So here is an attempt at helping.. For the most part, the docker compose yaml file is pretty close, with exception of some minor port and binding parameters. There is an expectation that initialization will be additional commands. Example:

  1. docker-compose up the environment
  2. run some scripts to init the environment

... but this was already part of the original post.

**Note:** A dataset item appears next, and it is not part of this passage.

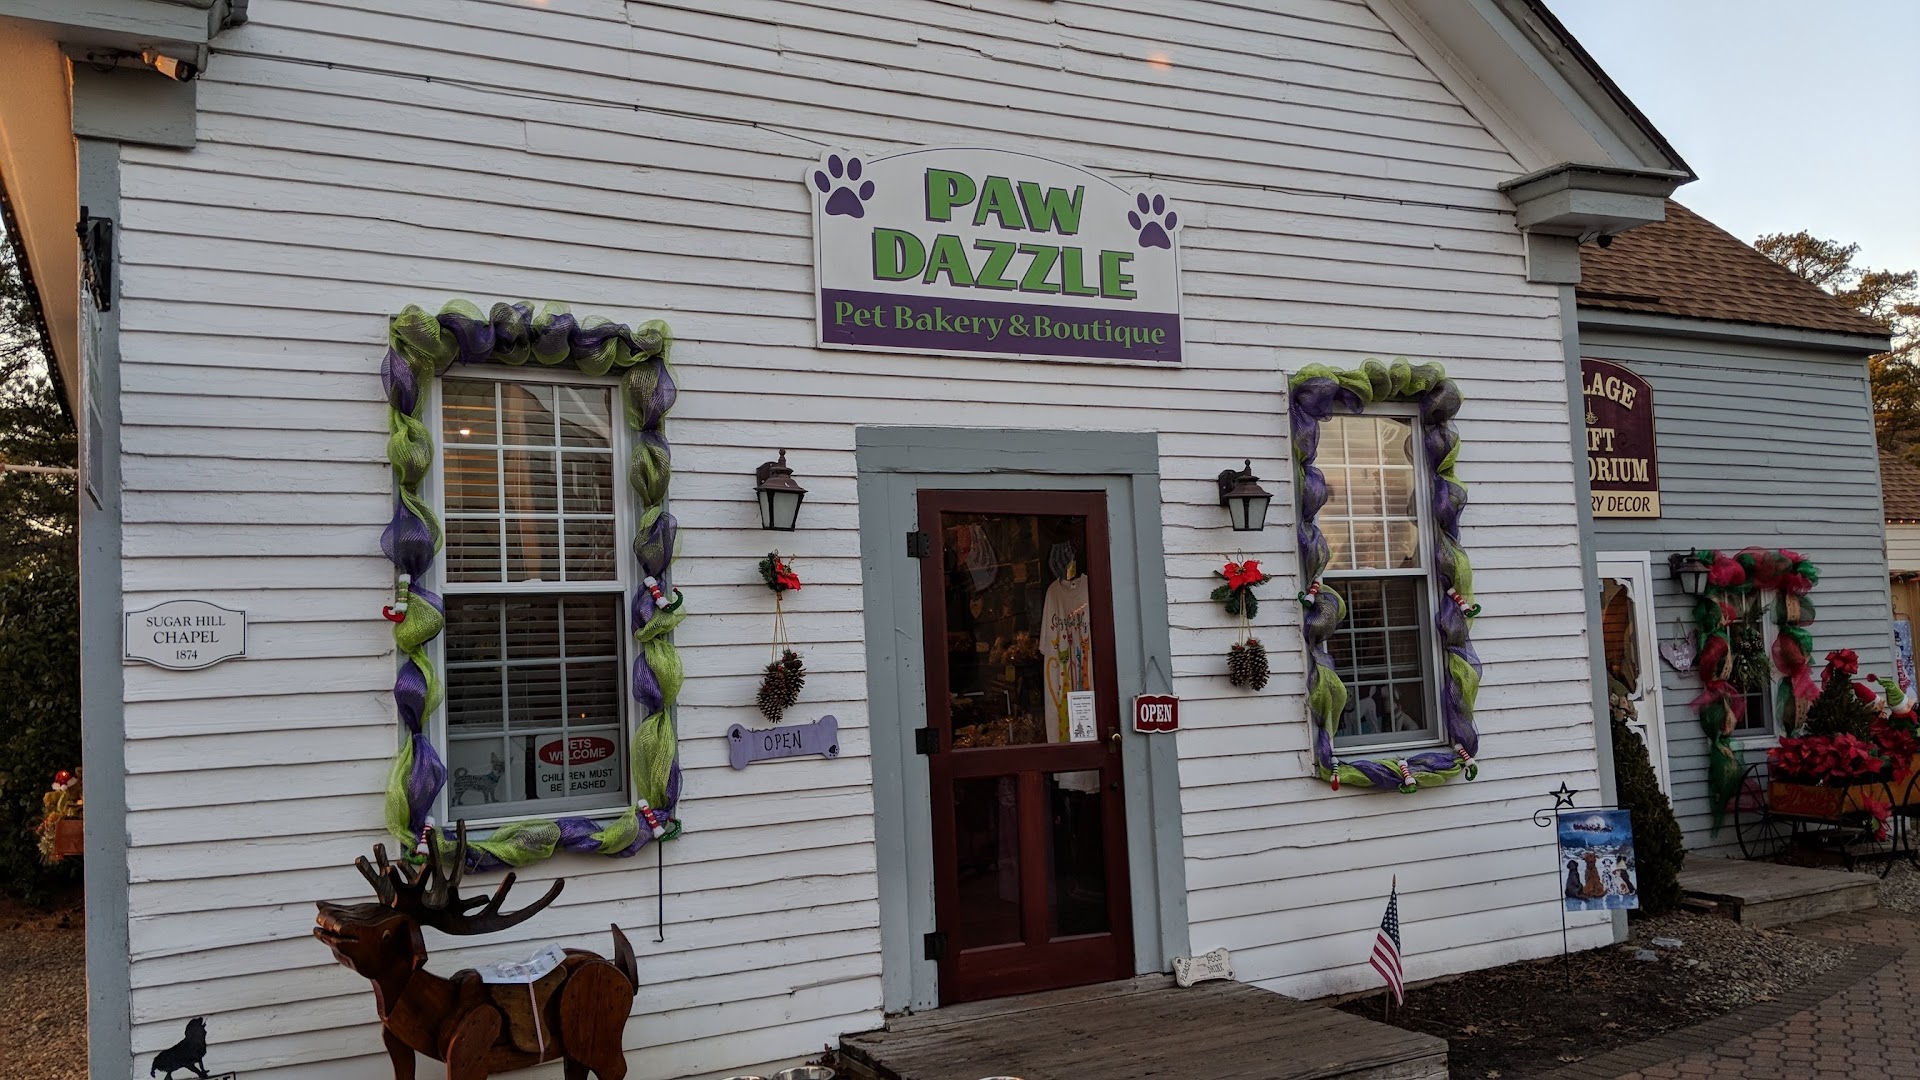 Paw Dazzle Pet Bakery and Boutique

So here is a docker compose file

docker-compose.yml

version: '3'
services:
 # mongo config server
  mongocfg1:
    container_name: mongocfg1
    hostname: mongocfg1
    image: mongo
    command: mongod --configsvr --replSet mongors1conf --dbpath /data/db --port 27019 --bind_ip_all
    volumes:
      - ~/mongo_cluster/config1:/data/db

  mongocfg2:
    container_name: mongocfg2
    hostname: mongocfg2
    image: mongo
    command: mongod --configsvr --replSet mongors1conf --dbpath /data/db --port 27019 --bind_ip_all
    volumes:
      - ~/mongo_cluster/config2:/data/db

  mongocfg3:
    container_name: mongocfg3
    hostname: mongocfg3
    image: mongo
    command: mongod --configsvr --replSet mongors1conf --dbpath /data/db --port 27019 --bind_ip_all
    volumes:
      - ~/mongo_cluster/config3:/data/db

# replica set 1
  mongors1n1:
    container_name: mongors1n1
    hostname: mongors1n1
    image: mongo
    command: mongod --shardsvr --replSet mongors1 --dbpath /data/db --port 27018 --bind_ip_all
    volumes:
      - ~/mongo_cluster/data1:/data/db

  mongors1n2:
    container_name: mongors1n2
    hostname: mongors1n2
    image: mongo
    command: mongod --shardsvr --replSet mongors1 --dbpath /data/db --port 27018 --bind_ip_all
    volumes:
      - ~/mongo_cluster/data2:/data/db

  mongors1n3:
    container_name: mongors1n3
    hostname: mongors1n3
    image: mongo
    command: mongod --shardsvr --replSet mongors1 --dbpath /data/db --port 27018 --bind_ip_all
    volumes:
      - ~/mongo_cluster/data3:/data/db

# replica set 2
  mongors2n1:
    container_name: mongors2n1
    hostname: mongors2n1
    image: mongo
    command: mongod --shardsvr --replSet mongors2 --dbpath /data/db --port 27018 --bind_ip_all
    volumes:
      - ~/mongo_cluster/data4:/data/db

  mongors2n2:
    container_name: mongors2n2
    hostname: mongors2n2
    image: mongo
    command: mongod --shardsvr --replSet mongors2 --dbpath /data/db --port 27018 --bind_ip_all
    volumes:
      - ~/mongo_cluster/data5:/data/db

  mongors2n3:
    container_name: mongors2n3
    hostname: mongors2n3
    image: mongo
    command: mongod --shardsvr --replSet mongors2 --dbpath /data/db --port 27018 --bind_ip_all
    volumes:
      - ~/mongo_cluster/data6:/data/db

# mongos router
  mongos1:
    container_name: mongos1
    hostname: mongos1
    image: mongo
    depends_on:
      - mongocfg1
      - mongocfg2
    command: mongos --configdb mongors1conf/mongocfg1:27019,mongocfg2:27019,mongocfg3:27019 --port 27017 --bind_ip_all
    ports:
      - 27017:27017

  mongos2:
    container_name: mongos2
    hostname: mongos2
    image: mongo
    depends_on:
      - mongocfg1
      - mongocfg2
    command: mongos --configdb mongors1conf/mongocfg1:27019,mongocfg2:27019,mongocfg3:27019 --port 27017 --bind_ip_all
    ports:
      - 27016:27017

... and some scripts to finalize the initialization...

docker-compose up -d

... Give it a few seconds to wind up, then issue...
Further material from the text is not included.